Leonardi tornò a fissarlo. «Leggero aumento, negli ultimi due viaggi. Meno di quanto sperassimo, ma più di quanto ci aspettassimo. Le prospettive sono buone e la nuova pubblicità dovrebbe portare a un incremento sensibile del materiale umano. Sì,» aggiunse, dopo una breve riflessione, «forse a breve sarà necessario rafforzare la guarnigione, anche per una migliore presenza sul territorio. I satelliti sono un ottimo aiuto, non lo nego, ma per certe cose io continuo a preferire i metodi di una volta. Ci vogliono mani, per tastare il polso della situazione.»
«Per le zone di scavi?»
«Anche per le zone di scavi, ma ritengo che una presenza militare sarà di aiuto anche presso i nuovi insediamenti civili. Servirà a farli sentire tranquilli e sicuri. Hanno attraversato trenta anni luce di vuoto, per giungere lì, e vedere che la Terra è al loro fianco porterà di certo benefici al morale.»

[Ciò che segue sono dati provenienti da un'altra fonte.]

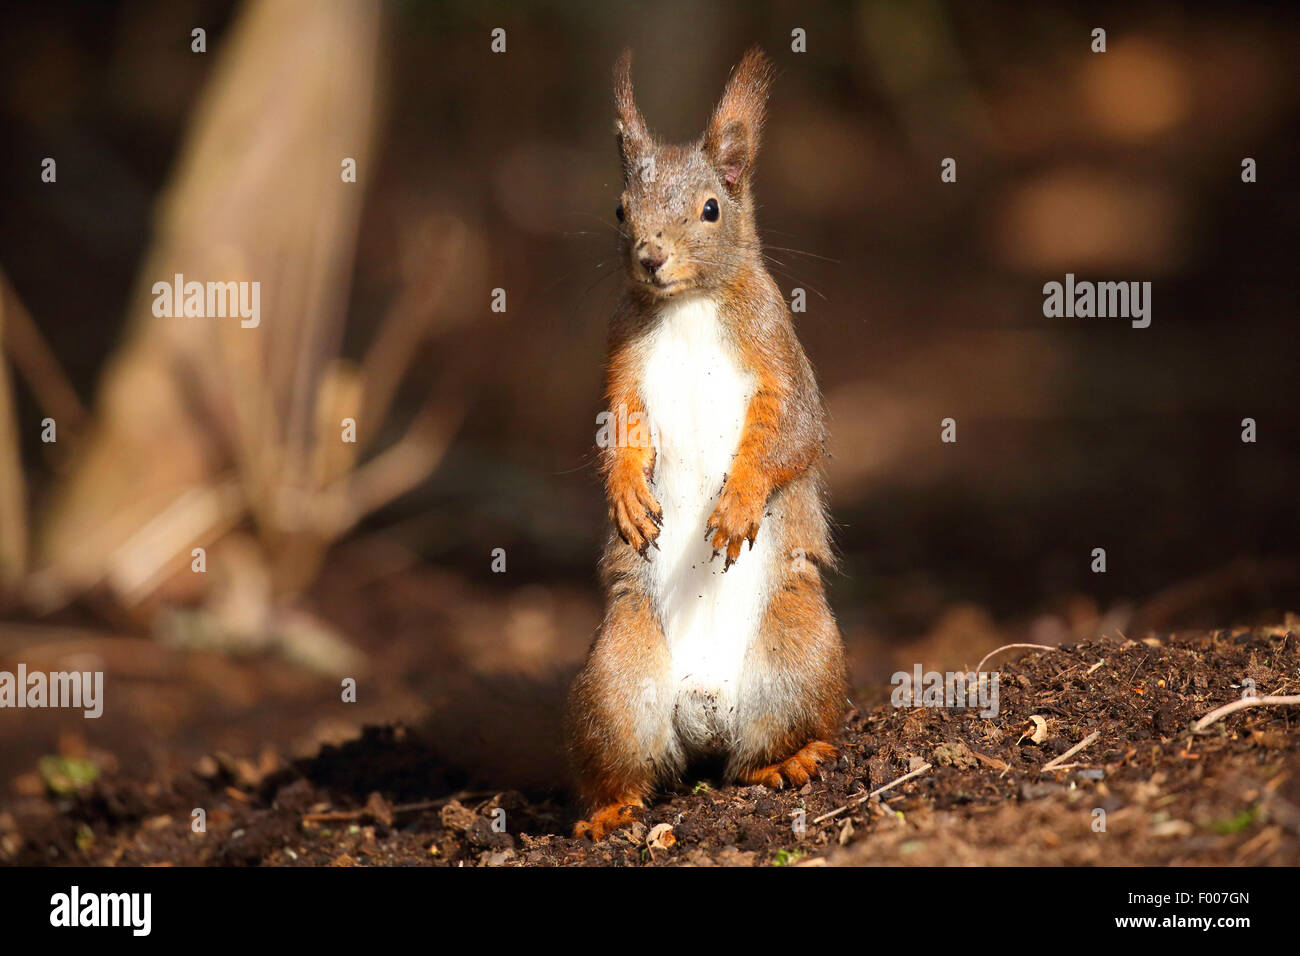 European red squirrel, Eurasian red squirrel (Sciurus vulgaris), sitting up on the hind legs on the ground, Germany Stock Photo

«Penso che molti non gradiranno vederci, ma comprendo il punto.» Sorrise. Erano sempre di più i terrestri che sceglievano l’autoesilio su Madre, per fuggire alla giustizia, proprio come secoli prima si fuggiva nel nuovo mondo. Loro non avrebbero apprezzato i militari. Pazienza. «E poi, i rinforzi ci saranno utili anche in altri campi. Più gente c’è e meglio è, giusto?»

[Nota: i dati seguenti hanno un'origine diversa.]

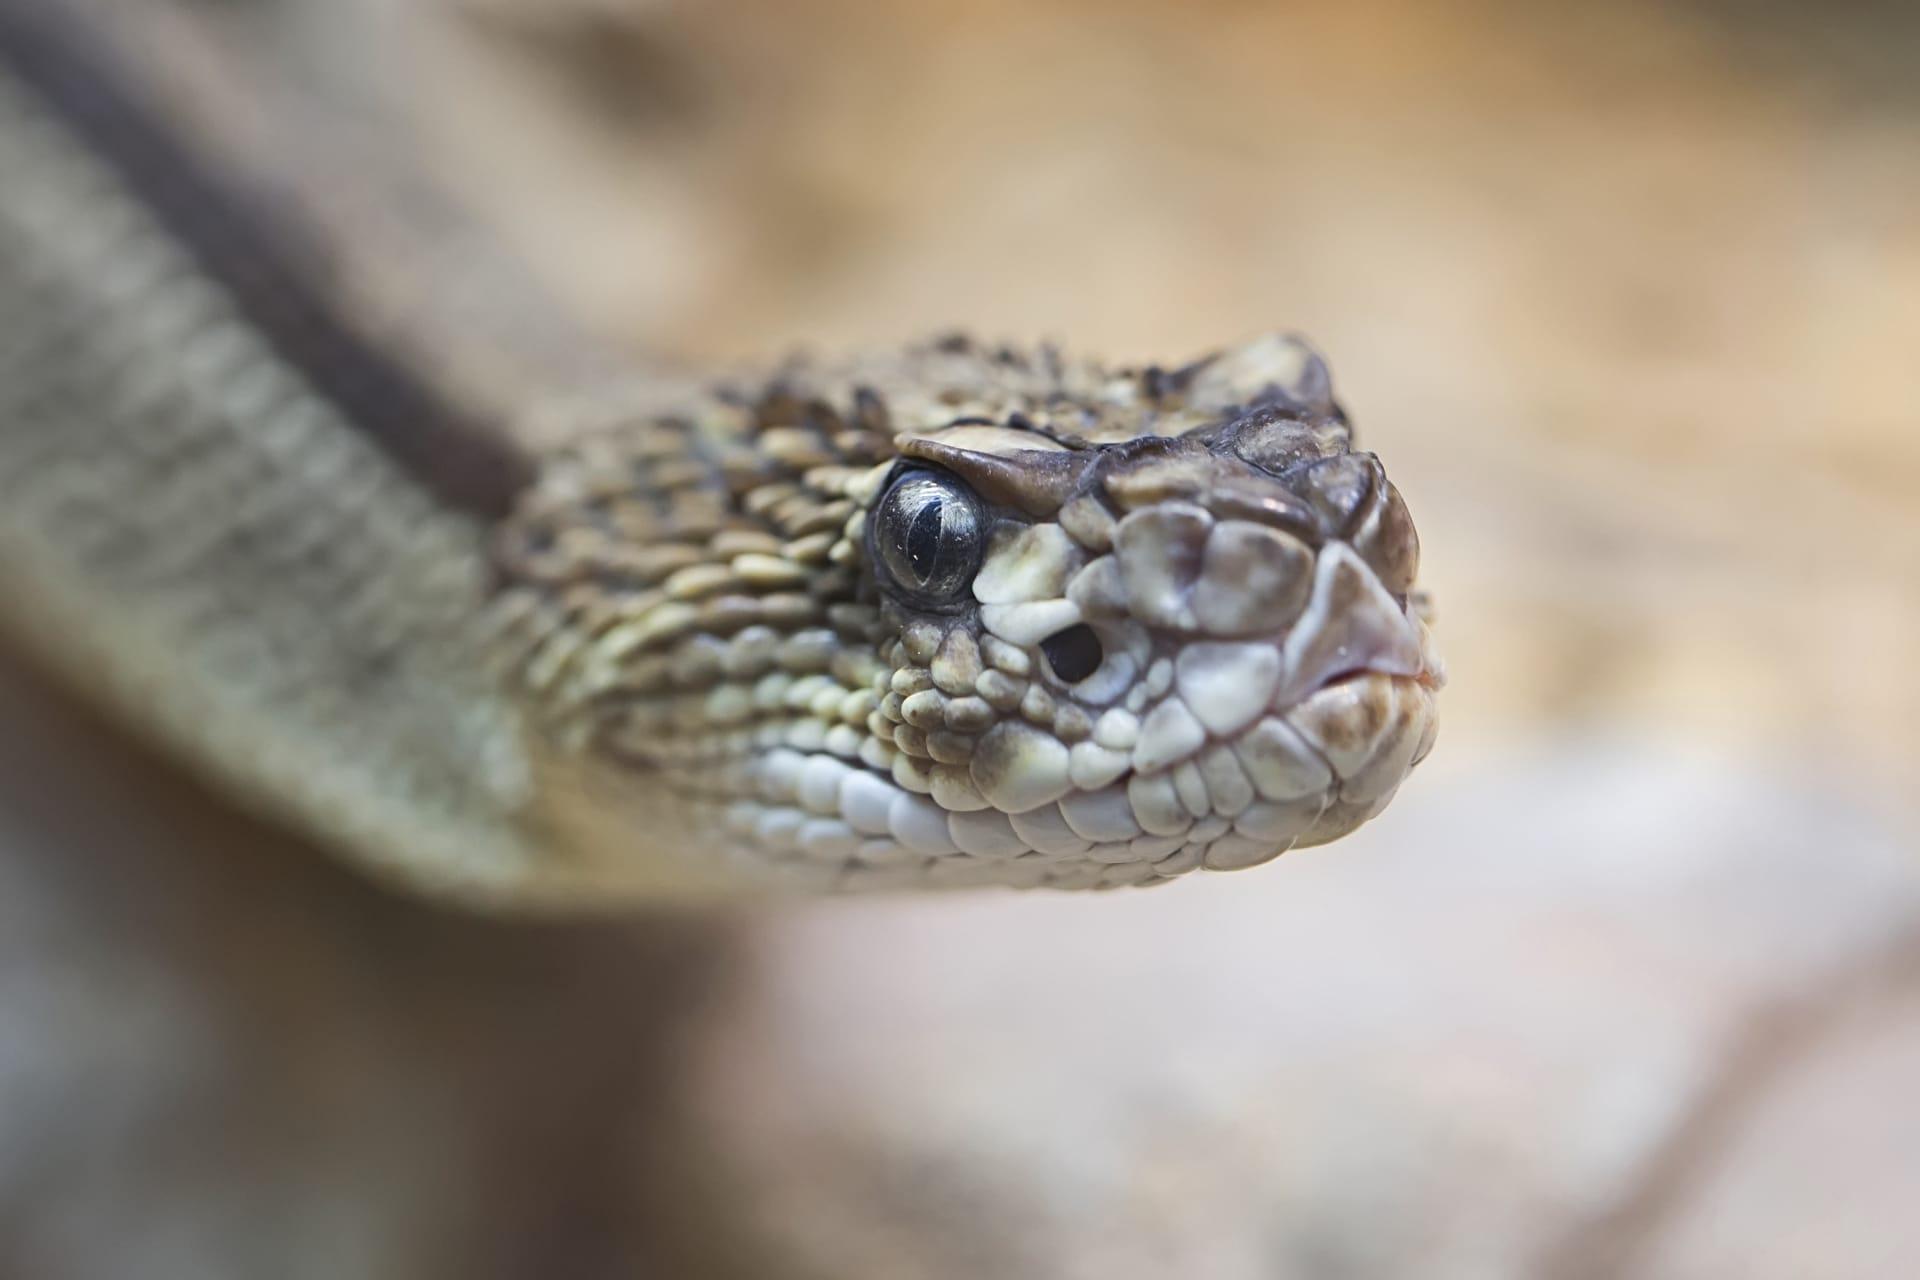 Rattlesnake pictures

«Giusto,» gli sorrise in risposta il dottor Leonardi. Pensò alle proteste di Thoreau sull’equilibrio dei mari di Madre, minacciati dai pesci terrestri. Scemenze. I pesci di Madre erano capaci di cavarsela da soli, anche senza il loro intervento, ma questo Thoreau non lo avrebbe mai capito. Molto meglio lasciare che lo scoprisse da solo: dopotutto, era lui a occuparsi della terraformazione, giusto?
Giusto, si rispose Leonardi. Tutto procede bene, tutto procederà bene. Non avrebbero perso la loro occasione, non un’altra volta. Non avrebbero perso l’alleanza con Madre.
Era la più grande arma che ci fosse, per conquistare il futuro.